The 2017 Hormone Therapy Position Statement of The North American Menopause Society

The North American Menopause Society 2017 Hormone Therapy Position Statement Advisory Panel

Disclosures

The North American Menopause Society (NAMS). 2018;24(7):728-753. 

In This Article

Therapeutic Issues: Extended Use and Risks of Discontinuation

Extended use of HT may benefit women for relief of persistent VMS, prevention of bone loss and fracture, or prevention or treatment of GSM. Vasomotor symptoms have an approximately 50% chance of recurring when HT is discontinued, independent of age and duration of use.[57,58] Bone loss and fracture risk continue to progress throughout aging, as does untreated GSM. With discontinuation of HT, virtually all women will lose BMD, with increased risk of bone fractures[128,263] and excess mortality from hip fracture,[264] although no rebound in fractures was seen in WHI off-treatment,[129] and GSM will recur.
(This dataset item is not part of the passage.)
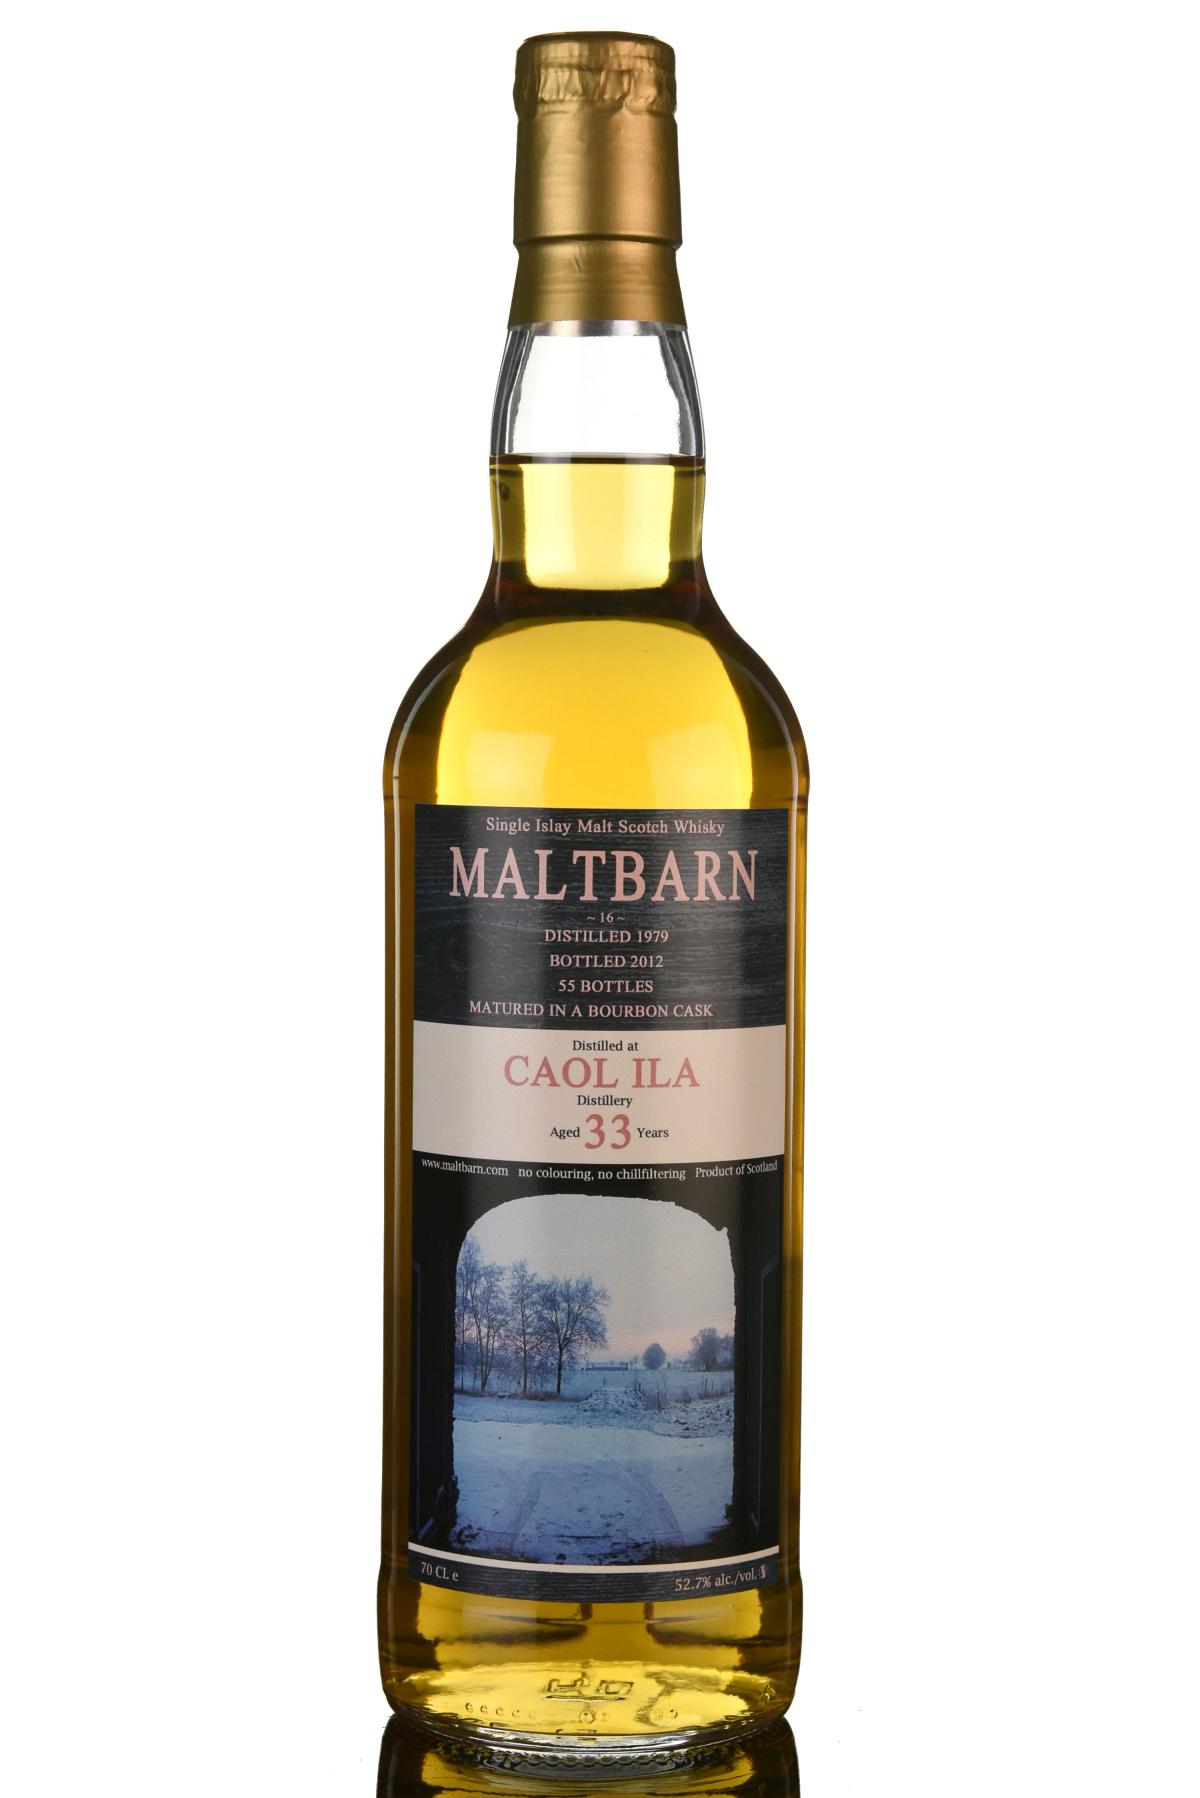 Caol Ila 1979-2012 - 33 Year Old - Maltbarn - 55 Bottles

Concern regarding HT use centers around potential risk on the breast or CV system with initiation of HT at an age older than 60 years or more than 10 or 20 years from menopause onset and with increased duration of therapy.
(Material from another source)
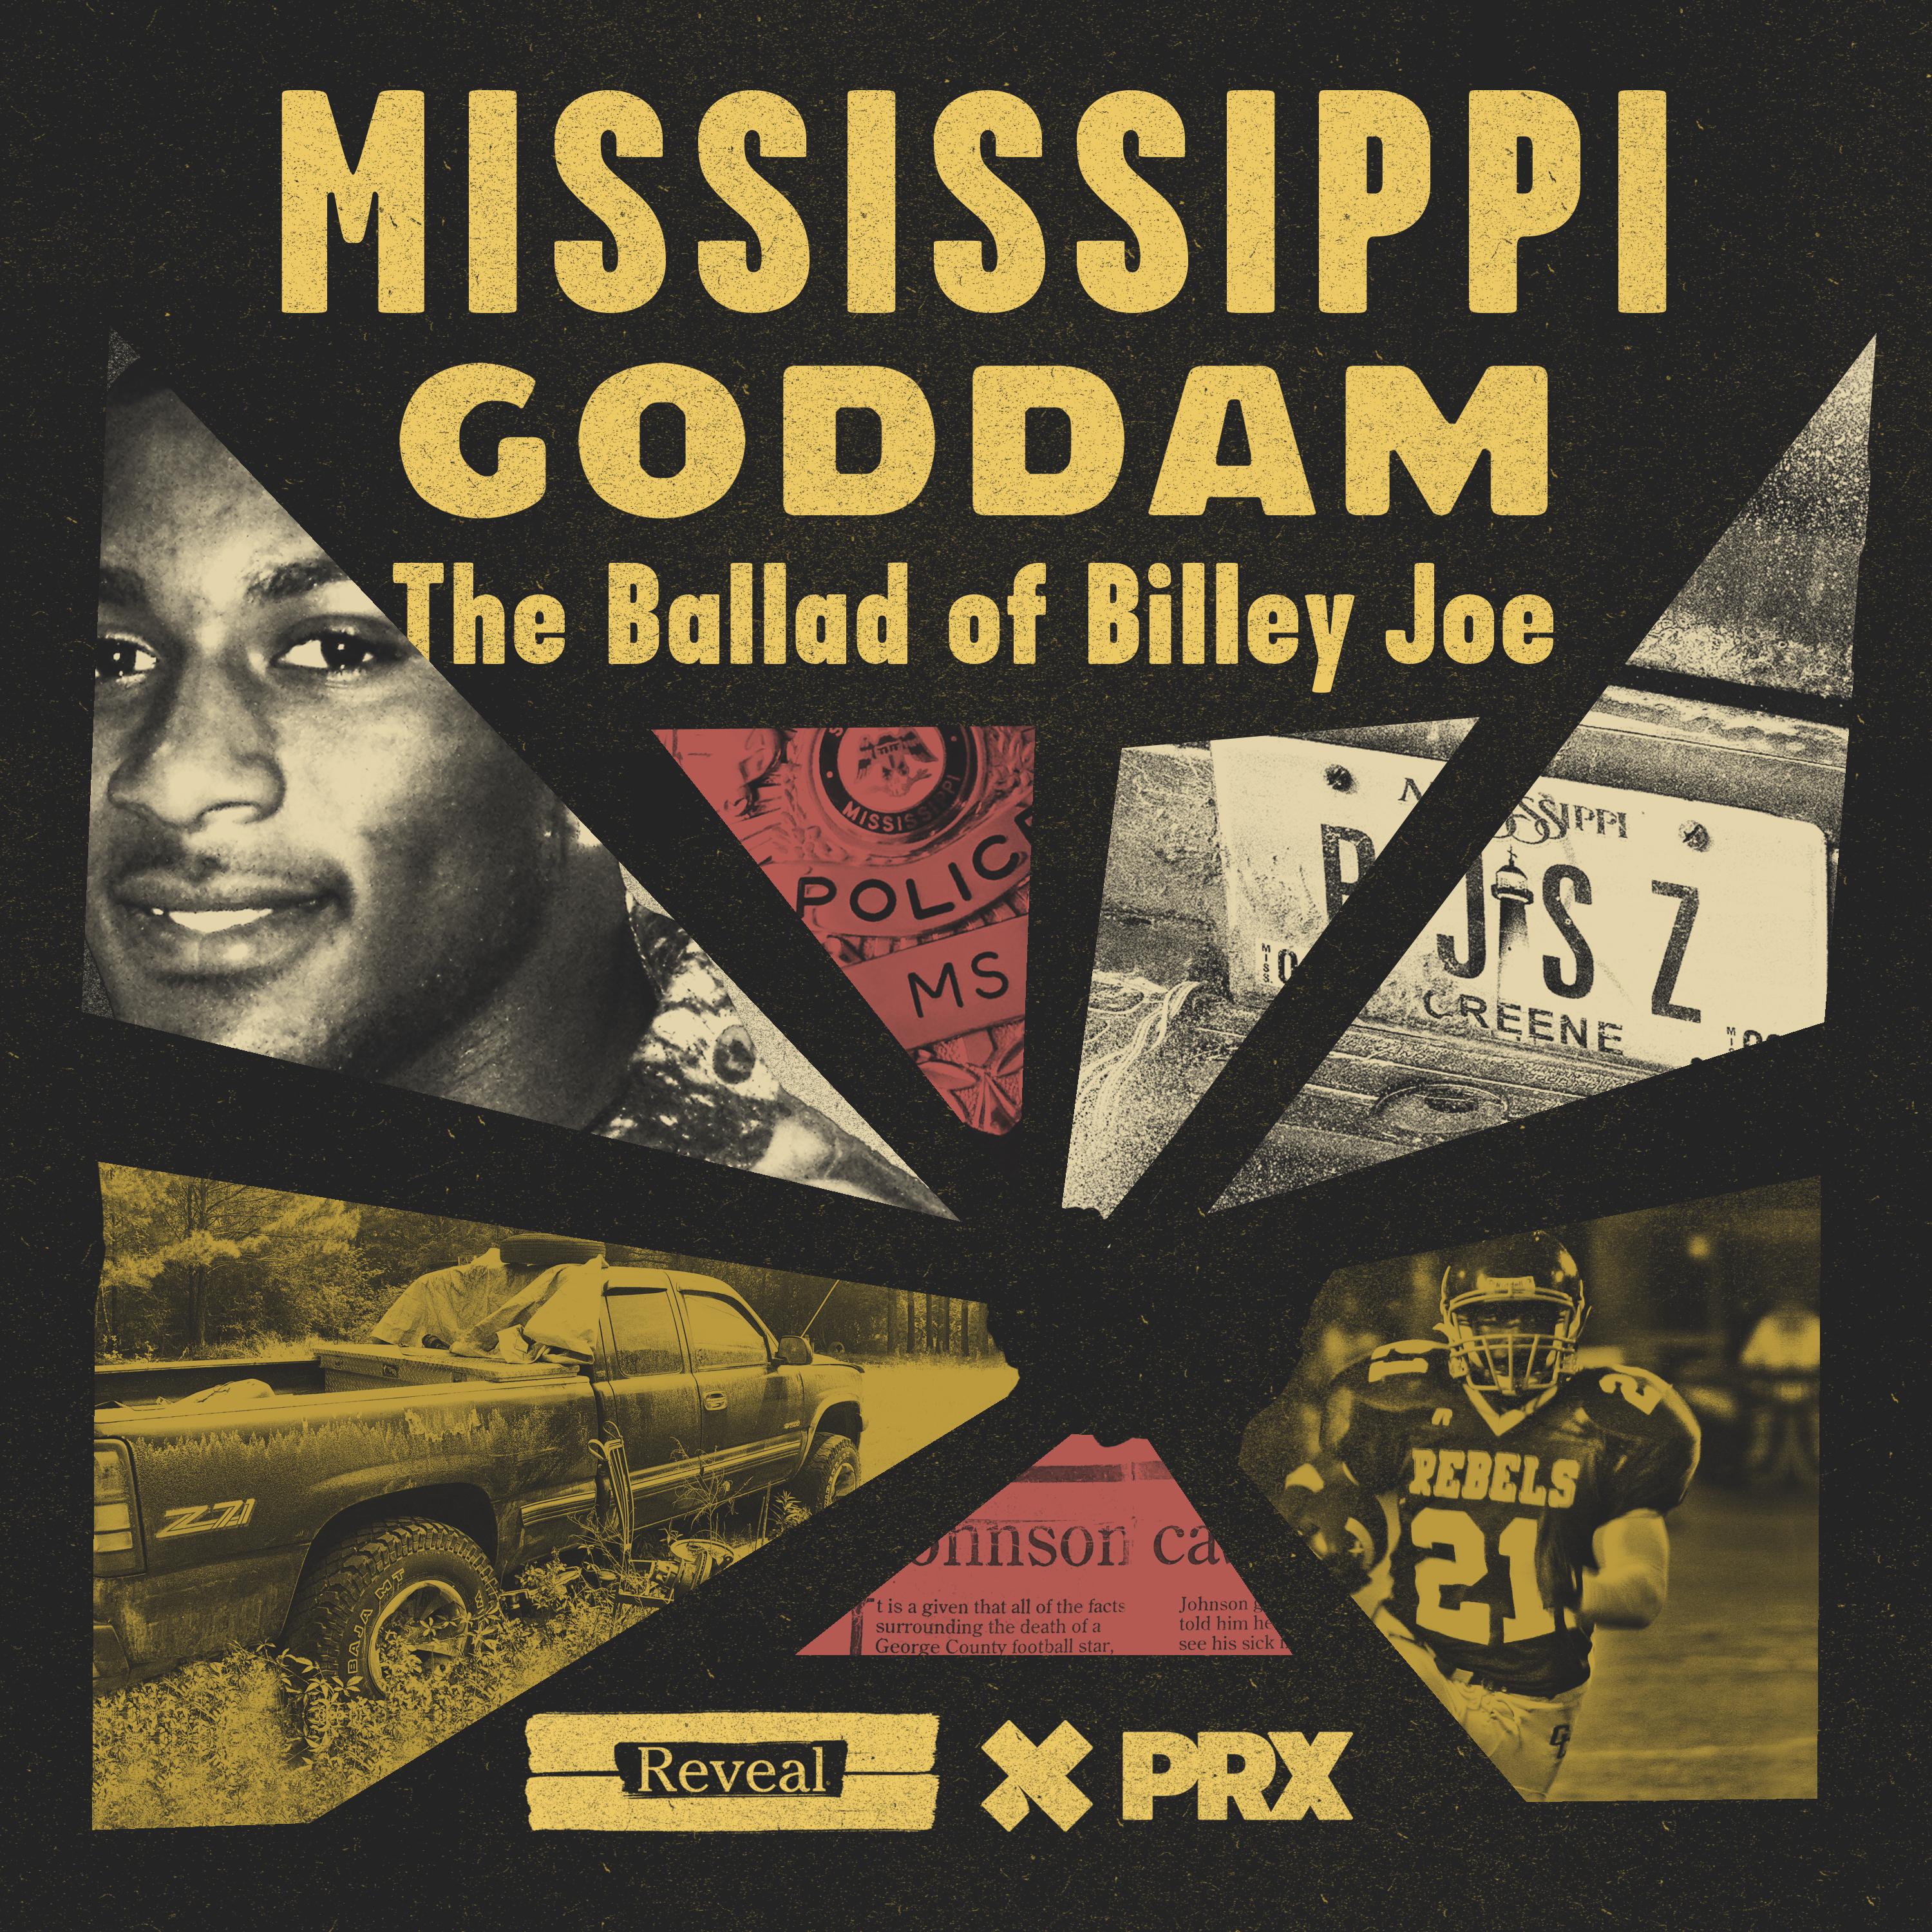 Thumbnail for "Mississippi Goddam Chapter 1: The Promise".

In the WHI, many but not all benefits and risks did not persist beyond 5 to 7 years after therapy was stopped.[265] An elevated risk (rare absolute risk) of breast cancer persisted (HR, 1.28; 95% CI, 1.11–1.48) with CEE + MPA during a median 13-year cumulative follow-up (5.6 y of treatment plus 8.2 y of postintervention observation), but most CVD risk became neutral (Figure 1).[14] During the cumulative follow-up overall, a significant reduction in hip fracture risk persisted (HR, 0.81; 95% CI, 0.68–0.97), and a reduction in endometrial cancer risk was found (HR, 0.67; 95% CI, 0.49–0.91). For women randomized to CEE alone, the reduction in breast cancer risk became significant (HR, 0.79; 95% CI, 0.65–0.97) during the median 13-year cumulative follow-up (7.2 y of treatment plus 6.6 y of postintervention observation).[14,265]
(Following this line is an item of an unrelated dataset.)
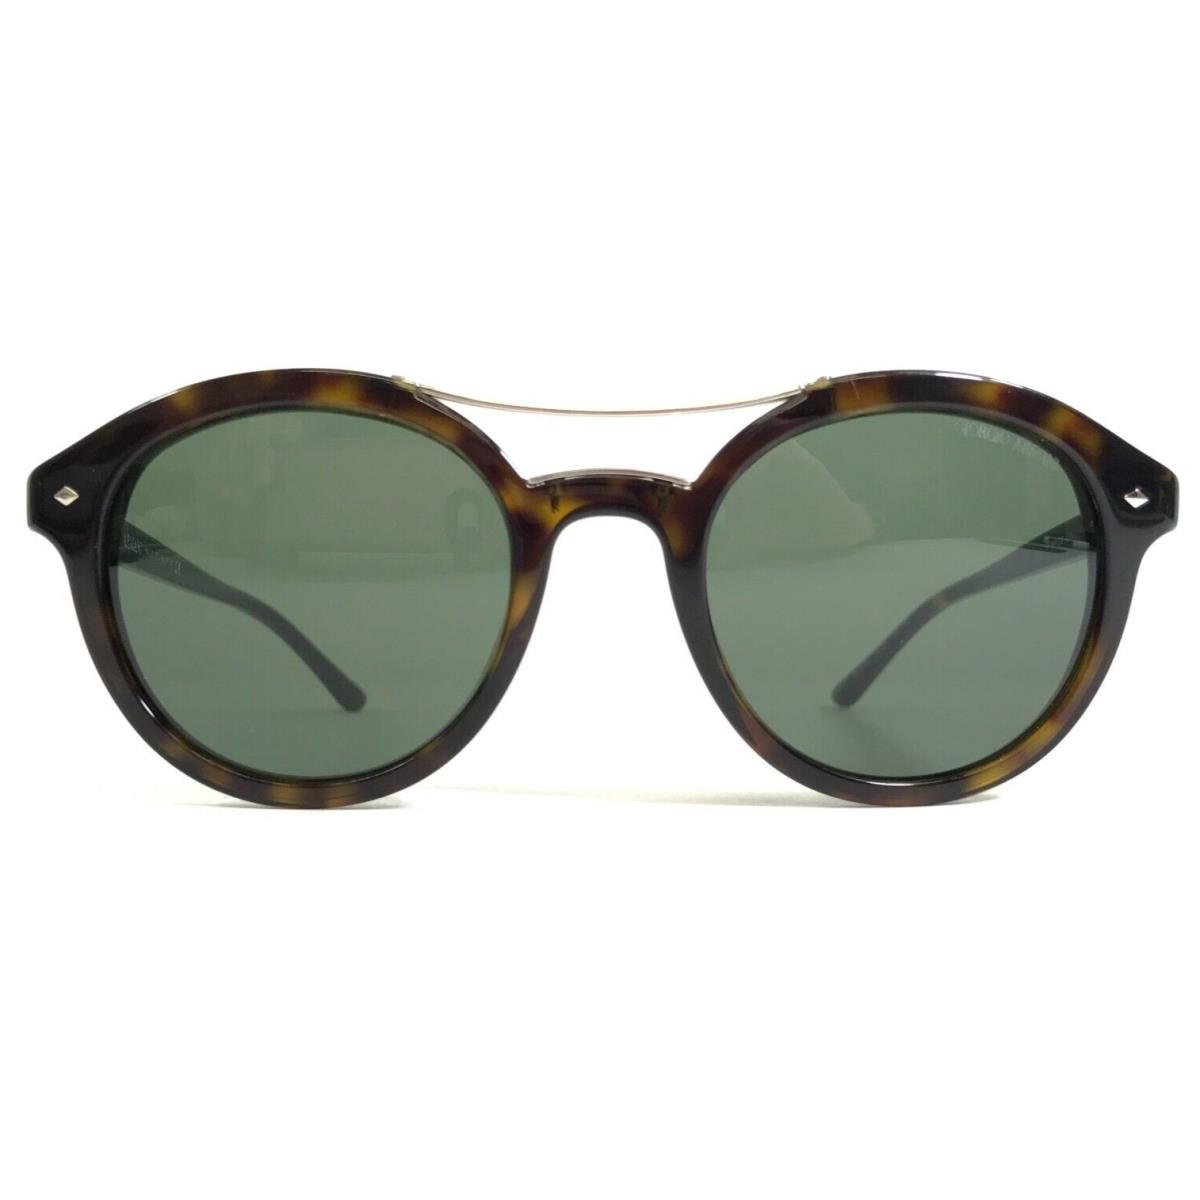 Giorgio Armani AR8007 5026/31 Tortoise Round Sunglasses Frame 48-21-140

All-cause mortality was neutral after a median 13-year cumulative follow-up for CEE + MPA in the WHI (HR, 1.01; 95% CI, 0.91–1.11) and not significantly reduced in the 50- to 59-year age group when examined separately nor for CEE alone (Figure 1).[14] Similarly, CV mortality was neutral poststopping in all age groups. Finnish population observational studies, using an age-matched standardized Finnish population as controls, suggest that CV mortality, CHD, and stroke mortality may increase in the year after discontinuing HT, but reduced risk was seen during follow-up the next year.[266] Within the first posttreatment year, the risk of cardiac death was significantly elevated (standardized mortality ratio [SMR], 1.26; 95% CI; 1.16–1.37), whereas follow-up for longer than 1 year was accompanied with a reduction (SMR, 0.75; 95% CI, 0.72–0.78). The risk of stroke death in the first posttreatment year was increased (SMR, 1.63; 95% CI, 1.47–1.79), but follow-up for longer than 1 year was accompanied with a reduced risk (SMR, 0.89; 95% CI, 0.85–0.94). This data has not been seen in RCTs and needs validation.

Key Points

• Decisions about duration of use remain challenging because long-term follow-up data are complicated, especi ally in regard to breast cancer.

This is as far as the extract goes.